When the local exposure (V/m) is constrained for a given titanium-alloy rod size and position within the phantom, with an RF coil used as quadrature exposure, the maximum temperature rise inside the holes after six minutes was consistent across all institutions and datasets, independently on the coil dimensions. Therefore, the temperature rise due to the titanium-alloy rod placed at 2cm location can be used to estimate the local background ||E||rms, within the expected measurement uncertainty. The temperature rise with the rod placed at 5cm was similar to the one at 2cm, despite different background ||E||2rms. Thus, the temperature rise depends not only on ||E||2rms but also on the location of the rod. Additionally, the standard deviation of temperature rise with plane wave exposure was typically higher compared to the coil exposure.

Acknowledgements

No acknowledgement found.

References

1. ASTM F2182-11 - Standard Test Method for Measurement of Radio Frequency Induced Heating On or Near Passive Implants During Magnetic Resonance Imaging

Disclaimer: The mention of commercial products, their sources, or their use in connection with material reported herein is not to be construed as either an actual or implied endorsement of such products by the Department of Health and Human Services

Figures

Table 1. A description of the dimensions and material properties of the phantom and the titanium-alloy rod.
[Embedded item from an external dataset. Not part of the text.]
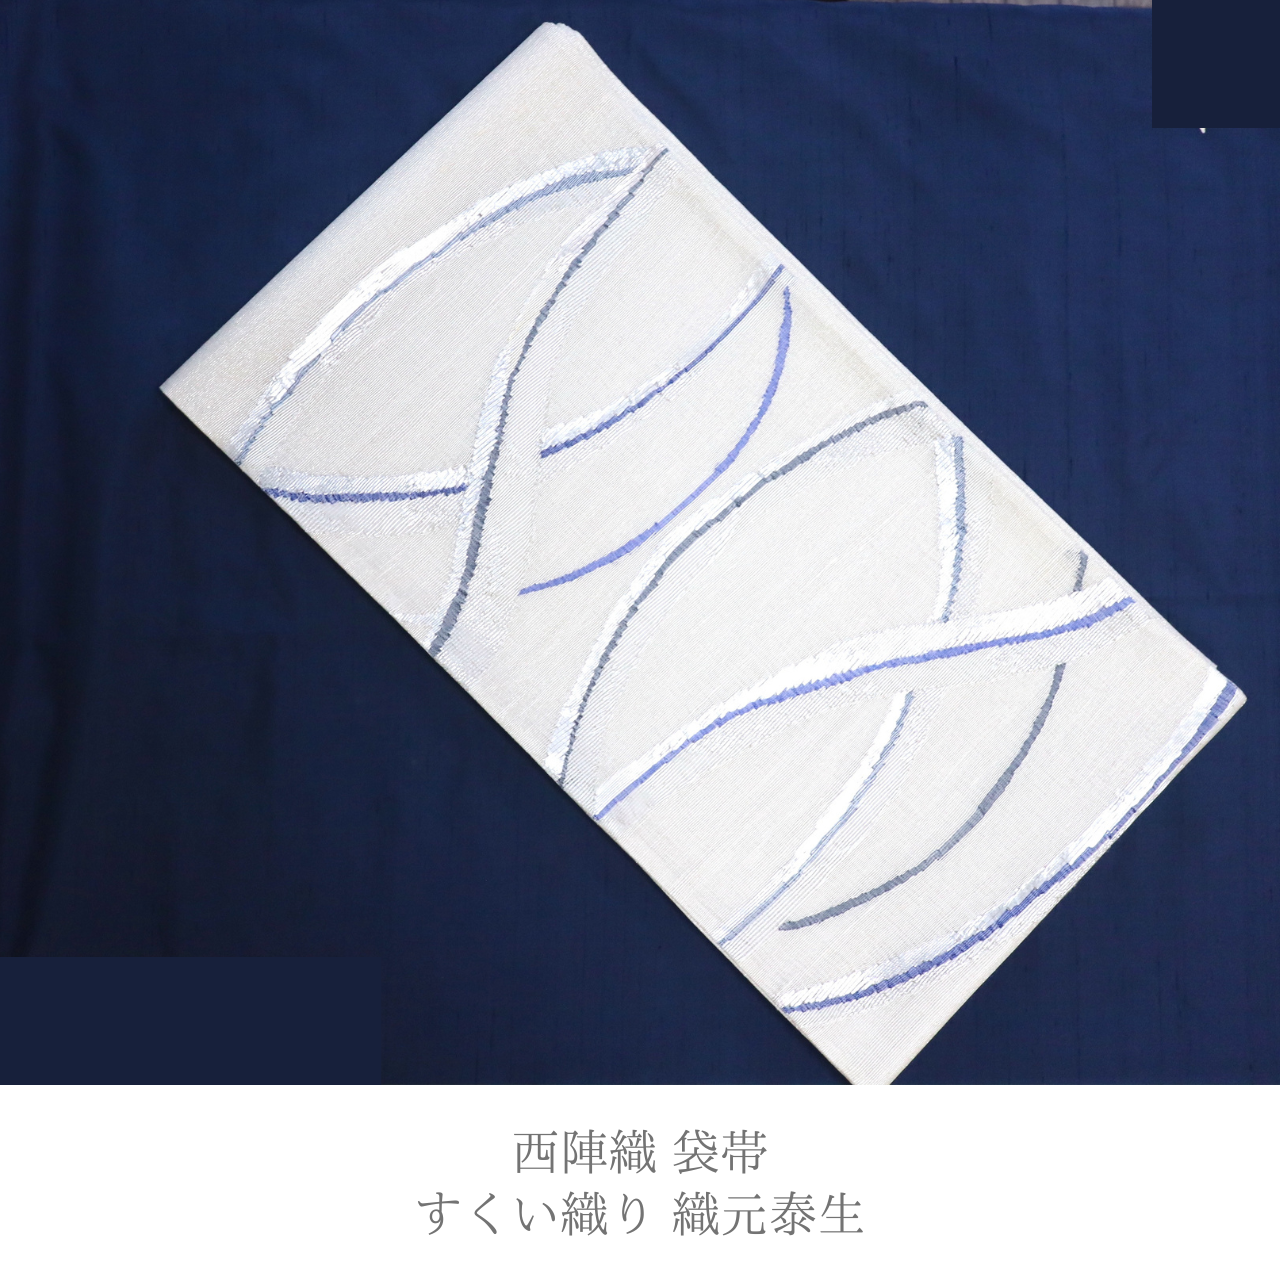 【期間限定 / 袋帯 / 西陣織 / 泰生織物謹製】すくい織りの技法で魅せるモダンな袋帯

Table 2. A list of software methodologies and dimensions of the RF coils (where applicable).

Table 3. Background ||E||rms for models using RF coil exposure at different locations within the phantom.

Table 4. RF coil exposure - The maximum temperature rise (°C) in the pilot holes of the titanium-alloy rod after six minutes of RF heating at 1.5 T and 3.0 T. The RF exposure was normalized to provide ||E||rms=150 V/m along a 1 cm line centered head-to-foot, mid-depth and 2 cm from the box enclosure. The whole-phantom SAR (wpSAR) at 1.5 T and 3.0 T (without the rod in place) is shown for each dataset.

Table 5. Plane-wave RF exposure - The maximum temperature rise (°C) in the pilot holes of the titanium-alloy rod after six minutes of RF heating at 1.5 T and 3.0 T. The RF exposure was calibrated to provide ||E||rms=150 V/m along a 1 cm line centered head-to-foot, mid-depth and 2 cm from the box enclosure.